I am sixteen years old.  It’s Christmas time–December 23rd, to be precise.   I am in the car with my boyfriend, Matt, driving to the Santa Rosa stake center. I’m getting baptized tonight. I can’t stop smiling. I feel enveloped in a bubble of peace as deep as that of the first Christmas night. I’m getting baptized tonight!

When we arrive at the stake center, I find that many of my seminary friends are already there.  I am surprised to see so many. People I don’t even know crowd the edges of the room.  It’s my first Mormon baptism. The missionaries have explained the process, but still, I don’t know what to expect. I don’t really know much at all about the details of Mormon doctrine, but I know this: Jesus is here. This is His church. This is my path.

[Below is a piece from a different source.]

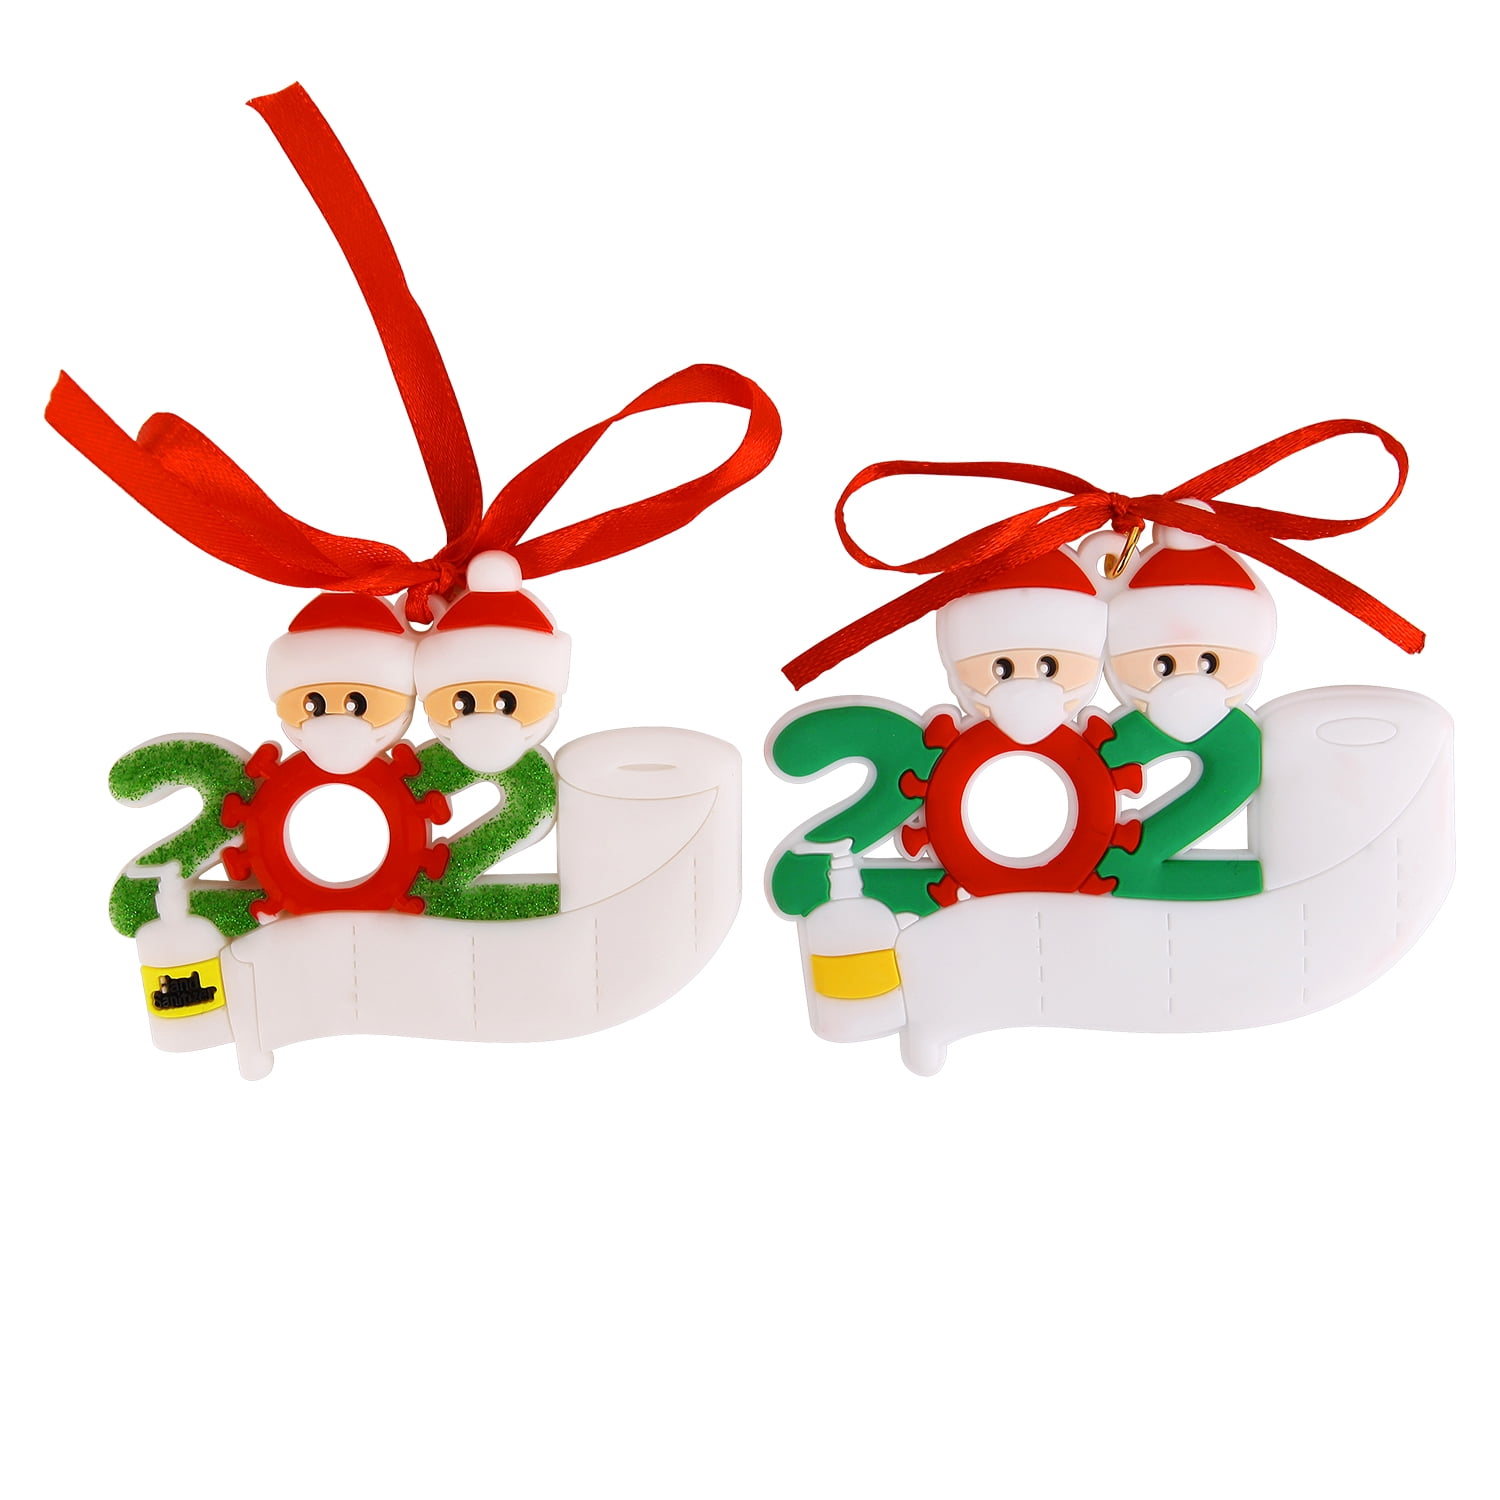 Details about   2020 Xmas Christmas Hanging Ornaments Family Personalized Ornament US

It was my mother who first introduced me to Jesus. She taught me to pray: Now I lay me down to sleep/I pray the Lord my soul to keep. On Saturday nights, my sister and I went to bed with pink foam curlers in our hair, our patent leather shoes–made shiny clean with fingernail polish remover–ready at the foot of our beds.  Military nomads, we attended whichever local Protestant church my parents picked–Methodist, Presbyterian, Congregational. I loved going to church, a few coins for the offering tied up in the corner of my handkerchief. I loved to hear stories from the Bible–Abraham, Gideon, Esther, Mary, Paul. I loved singing: Jesus loves me, this I know/For the Bible tells me so./Little ones to Him belong/They are weak but He is strong./Yes, Jesus loves me!/Yes, Jesus loves me!/Yes, Jesus loves me!/The Bible tells me so. I didn’t just sing the words; I sang to witness that I knew Jesus loved me. Me! I felt Him stir in my soul with my very earliest memories, as if He’d stowed away in my heart when I came to earth.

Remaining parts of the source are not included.